Mix amyloid plaques with longevity and you get mice that not only live longer, but healthier too.

Andrew Dillin wants to increase the human health span—not just years, but healthy years. He believes the secret to preventing many age-related neurotoxic diseases—including Alzheimer's, Parkinson's, and Lou Gehrig's diseases—lies in the body's ability to recognize and sequester improperly folded proteins.

Dillin, an HHMI investigator at the Salk Institute for Biological Studies, has been building a strong case for his misfolded-protein theory. A few years ago, he showed that there are mechanisms in immature worms that can inactivate misfolded, toxic proteins; as the animals age, however, that surveillance system degrades until the aggregation of those proteins leads to disease. Now, he and his colleagues have linked that finding to mice engineered to exhibit Alzheimer's disease. [Prions are a different set of proteins that misfold with different results—see “A Silver Lining.”]
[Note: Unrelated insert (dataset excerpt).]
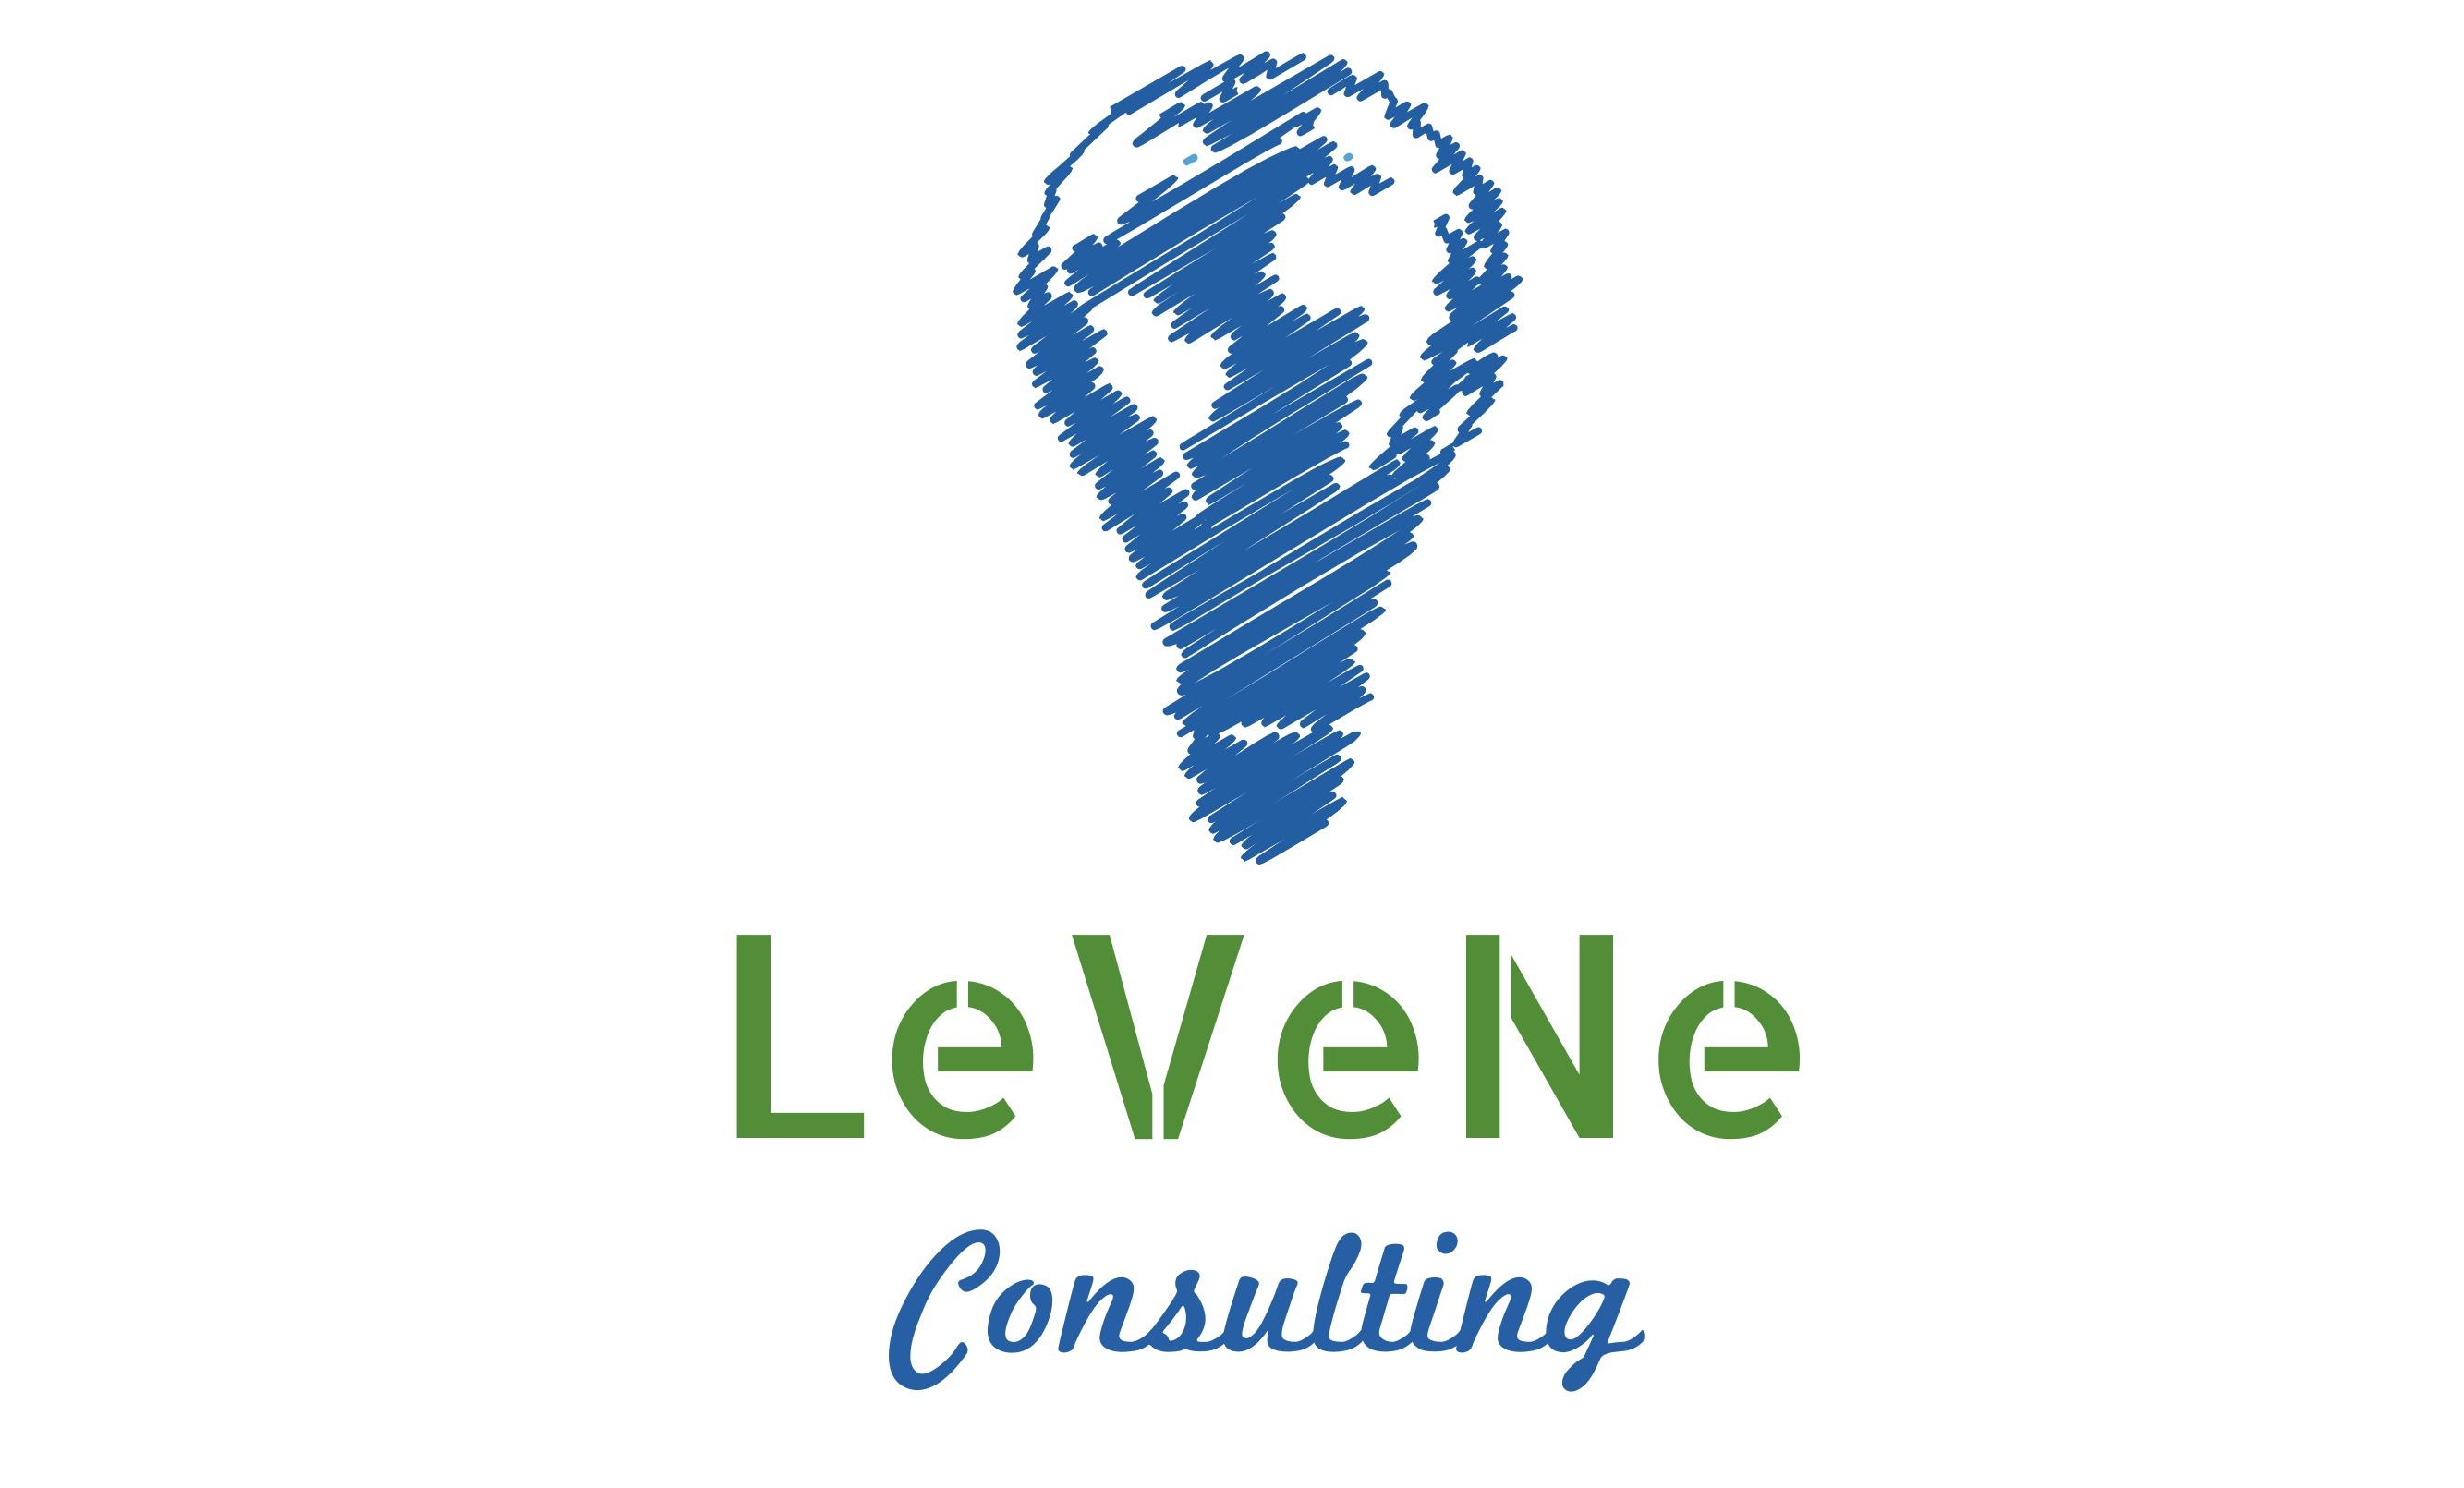 Levene Consulting Logo

Amyloid beta, or Aβ, is a misfolded protein that accumulates in the brains of Alzheimer's patients and creates dense plaques that are a hallmark of the disease. When Dillin genetically reprograms mice to have a longer lifespan, they seem to retain the youthful ability to isolate, compartmentalize, and pack away Aβ proteins. The result: plaques that appear similar to those of Alzheimer's but are denser and seemingly benign. Somehow, the surveillance mechanism identifies and secludes the dangerous proteins in a way that older brains cannot.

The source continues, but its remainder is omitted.